Further, according to the present invention, the existing synchronous meshing device is effectively utilized as it is to construct the brake device for obtaining the above-mentioned brake, so that the structure is relatively simple and the conventional gear shift device is used. The transmission mechanism according to the present invention can be obtained by using the mechanism as it is.
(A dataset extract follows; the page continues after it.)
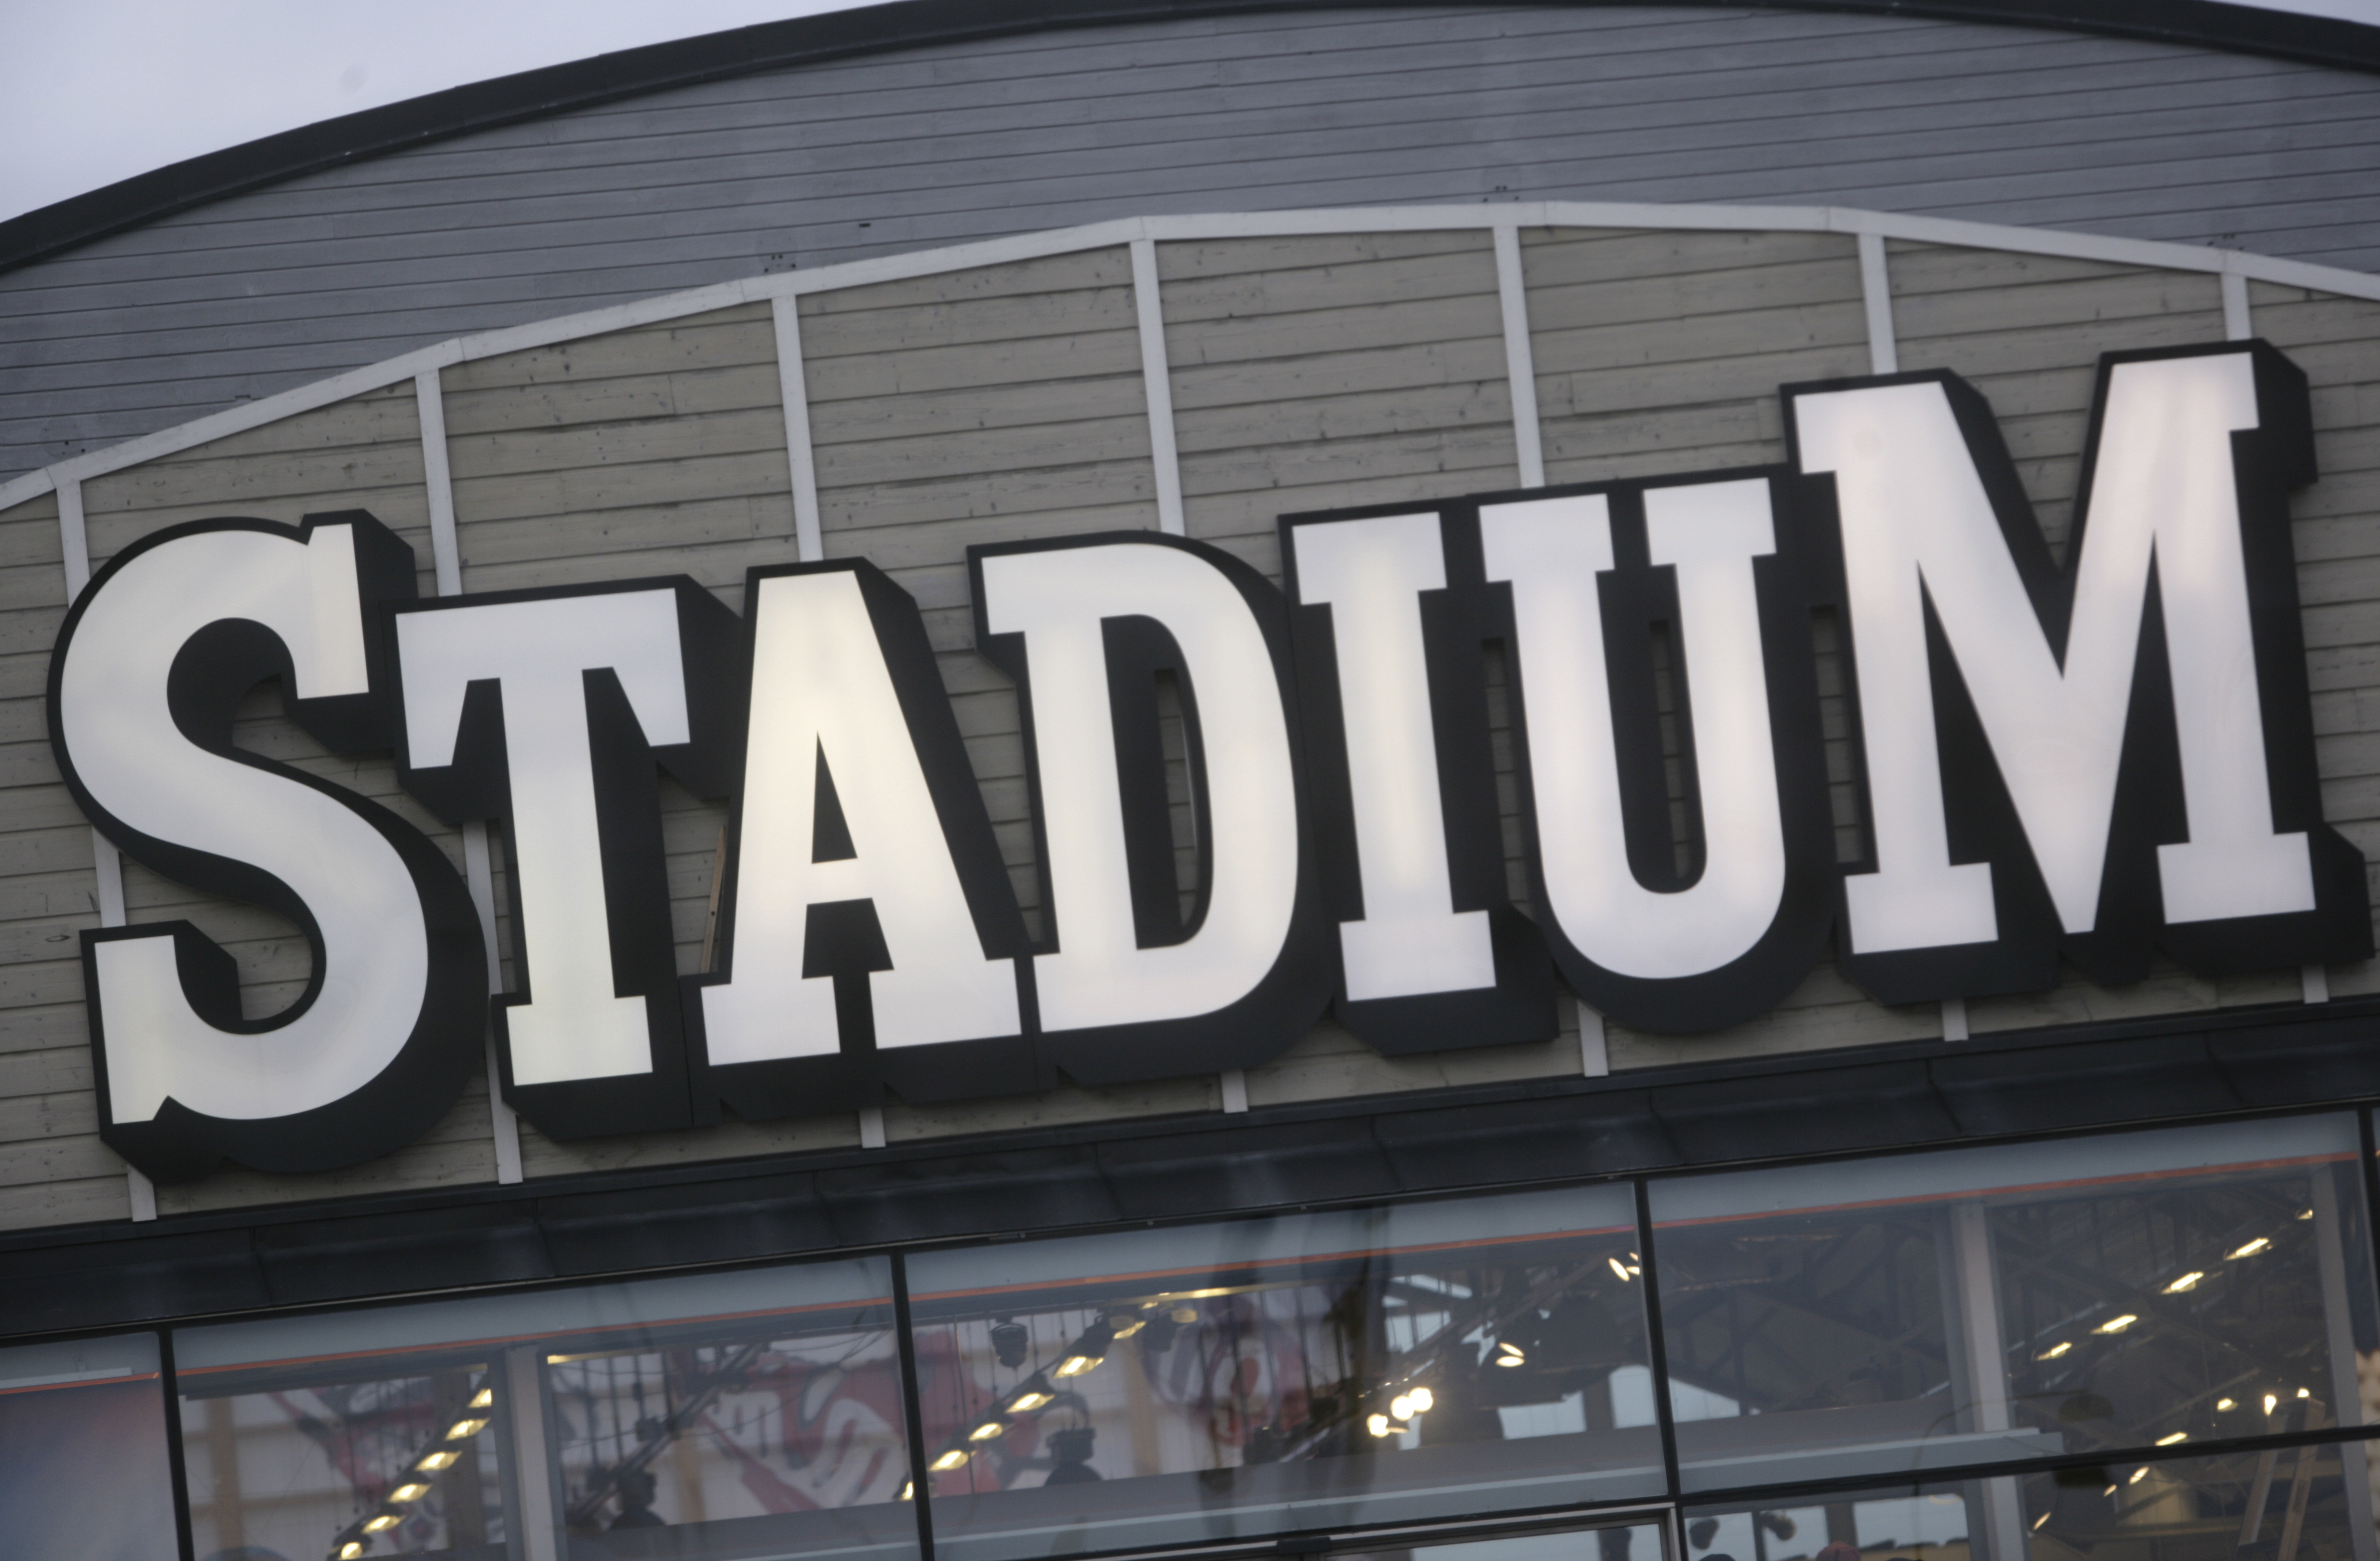 Efter en inventering på Stadium i Karlstad upptäckte butikschefen att det saknade massvis med kalsonger. När man senare påträffade likadana kalsonger i ungefär samma mängd på nätet larmades polisen.

[Brief description of drawings]

FIG. 1 is a skeleton diagram showing an example of the present invention. FIG. 2 is a simplified front view showing a path through which power is transmitted from the input shaft to the output shaft. FIG. 3 is a diagram showing an example of a shift pattern. FIG. 4 is a side sectional view specifically showing the transmission mechanism of FIG. 1: Input shaft 2: Output shaft 3: First counter shaft 4: Second counter shaft 7, 8, 9: Gear (for interlocking output shaft and counter shaft) I, II, III, IV: First gear train V: Second gear train R: Third gear train S3: Synchronous meshing device 22: Clutch sleeve 23 ': Cone portion 24': Synchronizer ring 41: Synchronous gear

Claims (1)

[Scope of utility model registration request] 1. An input shaft and an output shaft, first and second counter shafts respectively arranged in parallel with the input shaft and always interlocked with the output shaft, and respectively connected to the input shaft. It is composed of a plurality of first drive gears mounted so as to rotate integrally and a plurality of first driven gears rotatably mounted on the first counter shafts and constantly meshed with the corresponding first drive gears, respectively. A plurality of first gear trains that form a gear for traveling, a second drive gear that is attached to the input shaft so as to rotate integrally, and a second drive gear that is rotatably attached to the second counter shaft. At least one second gear train, which is composed of a second driven gear that constantly meshes and constitutes a shift stage for forward traveling, a third drive gear that is attached to the input shaft, and is attached to the first counter shaft. Third driven gear A, and an idle gear that interlocks the third drive gear and the third driven gear, and by shifting any one of these three gears by shift movement, input through the third gear train A third gear train for retreating, which is a sliding selection type, which enables rotation of the shaft to be transmitted to the output shaft, and the second counter shaft, which is provided on the second counter shaft and shifts to move the second gear.
A clutch sleeve slidably displaced in the axial direction of the counter shaft is provided, and the second driven gear is coupled so as to rotate integrally with the second counter shaft when the clutch sleeve is displaced in one direction. A transmission mechanism for an automobile, comprising: a synchronous meshing device for enabling power transmission via the third gear train to be selected by a shift motion for displacing a clutch sleeve of the synchronous meshing device in the other direction. , A synchronizing gear that is always meshed with any one of the first drive gears is rotatable around the second counter shaft at a position opposite to the second driven gear with the synchronous gearing device for the second gear train interposed therebetween. The synchronization gear has a cone portion, on the side facing the clutch sleeve, in which a synchronizer ring is rotatably fitted, is formed on the synchronizing gear. Gearbox for moving cars.